Ganesh Chaturthi is one of the grandest festivals celebrated in Maharashtra. Every locality, neighbourhood and apartment society organises a Pandal (tented stage) to welcome, worship and celebrate the deity. People begin raising funds from residents, Mandals (community associations) and patrons months in advance. They place the utmost importance on the height, colour, form and seating of the Ganesh Murti (idol). The making of Murti has evolved over the decades, from theme-based festivities and gold and diamond decorations to eco-friendly idols made using biodegradable materials in recent years.

Sometimes, sculptors also make Ganpati idols based on trends in that particular year, such as cricket Ganesha during the World Cup season. Lalbaugcha Raja, Mumbai’s renowned Ganpati Pandal, created a space-themed pandal to mark the landing of Chandrayaan 2 on the moon.

Here are a few famous Ganpati Pandals in the state:

Lalbaugcha Raja, Mumbai

This was founded in 1934 when fishermen and vendors prayed to Lord Ganesha vowing to build a permanent marketplace. The Kambli family members, the original creators of the idol, have been sculpting Ganpati idols since 1920. They began making the idol for this mandal in 1935. What makes this ‘Raja’ unique is that he is slim unlike the usual well-rounded depiction of the deity. Lalbaugcha Raja is literally a role model for other idol makers who are quick to copy the design, so much so that people demanded exact replicas for their homes and Mandals. Kambli Arts now has a patent to make idols in the traditional mould.

Mumbaicha Raja, Mumbai

Mumbaicha Raja Pandal in Ganesh Galli is situated close to the Lalbaughcha Raja Pandal. This mandal was formed in 1928 to protect the interests of mill workers in the area. What makes this distinctive is that it comes up with remarkably innovative themes every year, often recreating a famous landmark in India.

Gold Ganesh, Mumbai

Gold Ganesh, as the name suggests, is decorated with at least 50kg of pure gold. Located in GSB Seva Kings Circle, this is said to be the city’s richest Ganpati mandal. The committee prefers making eco-friendly idols using clay. It prefers to play only traditional Indian music as opposed to the usual trending numbers.

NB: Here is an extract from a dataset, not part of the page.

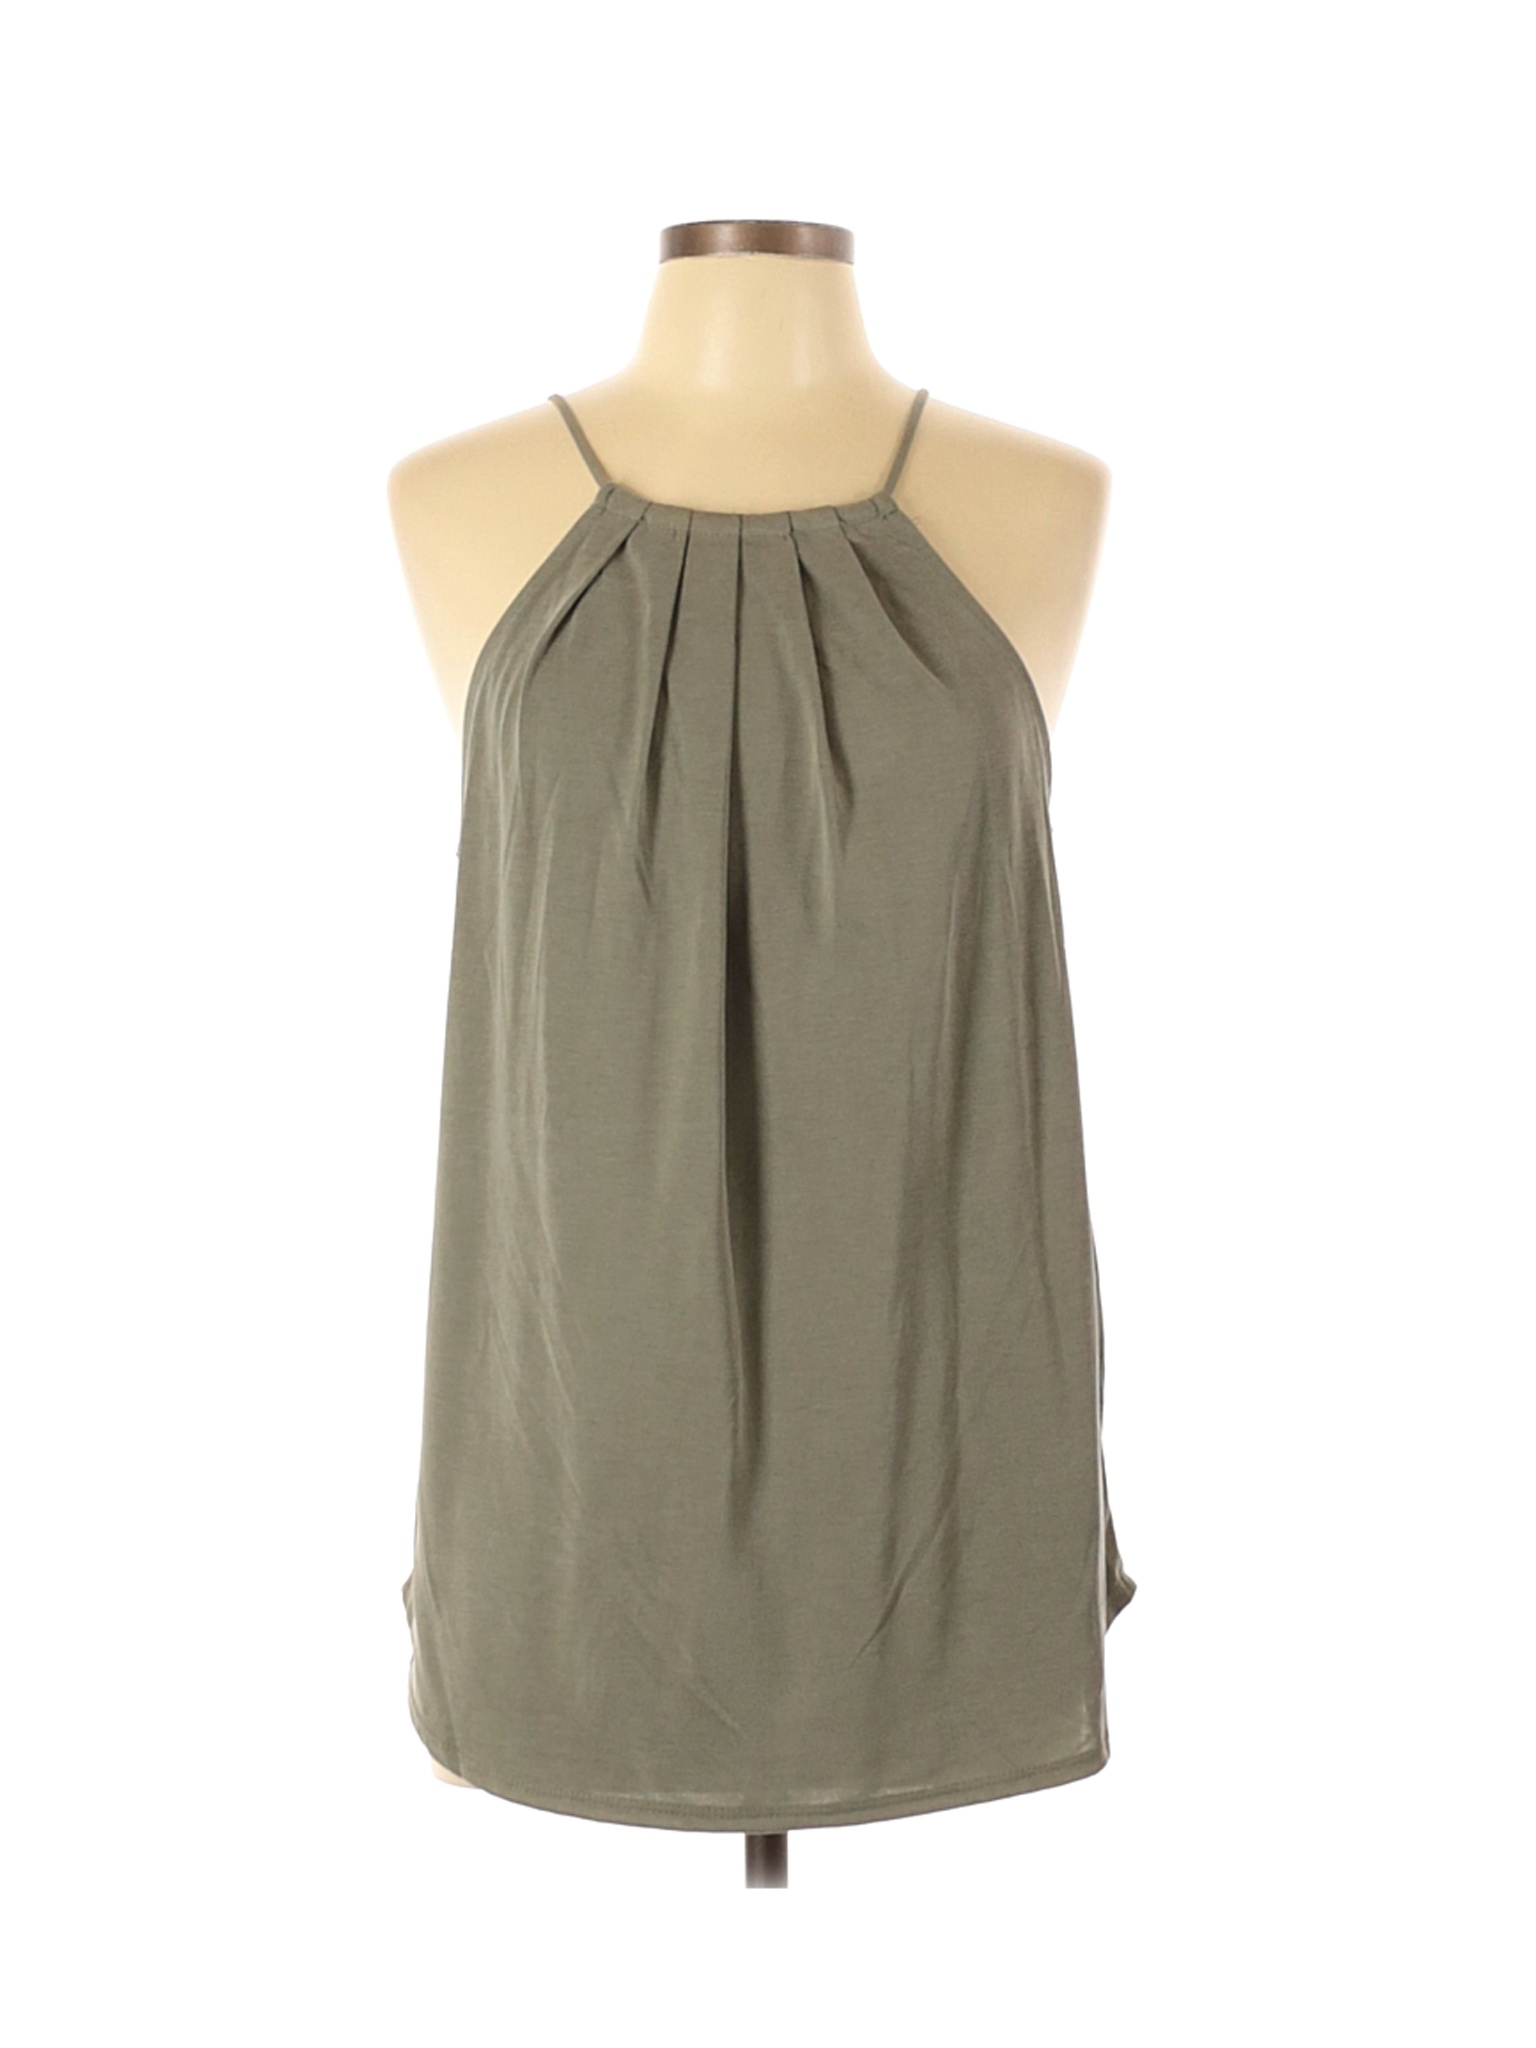 NWT Green Envelope Women Green Sleeveless Top L | eBay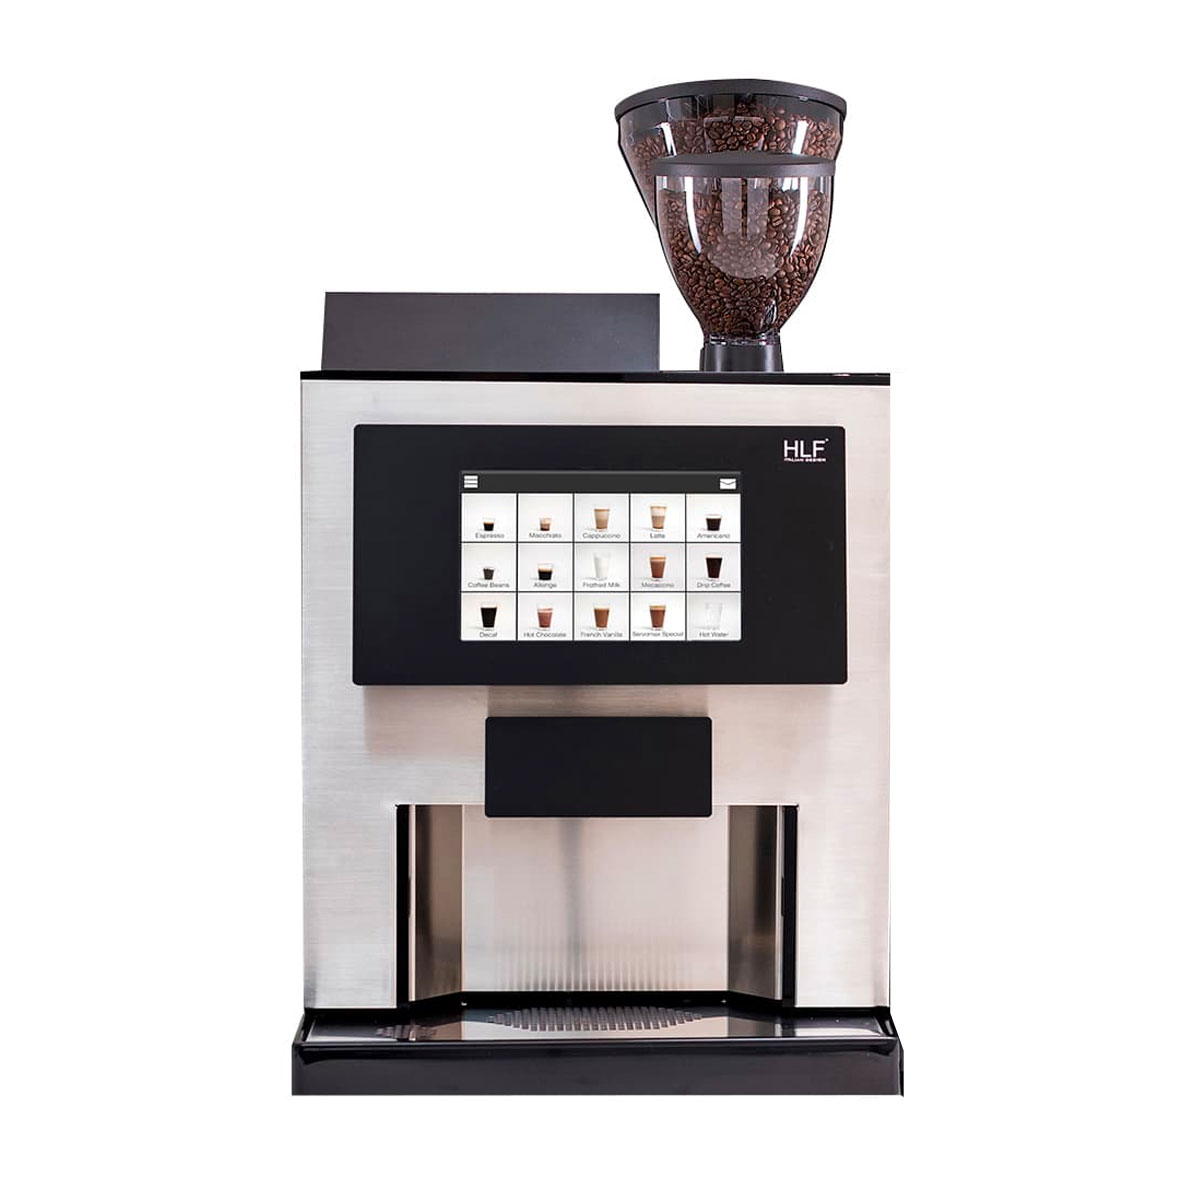 Office coffee machine HLF 4700

Shrimant Dagdusheth Halwai Ganpati, Pune

This beautiful temple was built in 1893 by an affluent sweet-seller called Dagdusheth Halwai and his wife Lakshmi Bai. The temple trust takes a special interest in decorating the deity during Ganeshotsav. A reputed jewellery brand has been associated with the temple trust for many years. For the 125th year celebration of Ganesh Chaturthi, the jewellers worked for about five months, engaging 40 craftsmen and 60000 hours to craft seven different crowns and other ornaments with gold, emeralds, rubies and white diamonds in traditional Filigree and Nakashi works.

They made a diamond-studded gold crown weighing a whopping 9.5kg, emerald studded ears, necklaces and an embellished Prabhavali among others.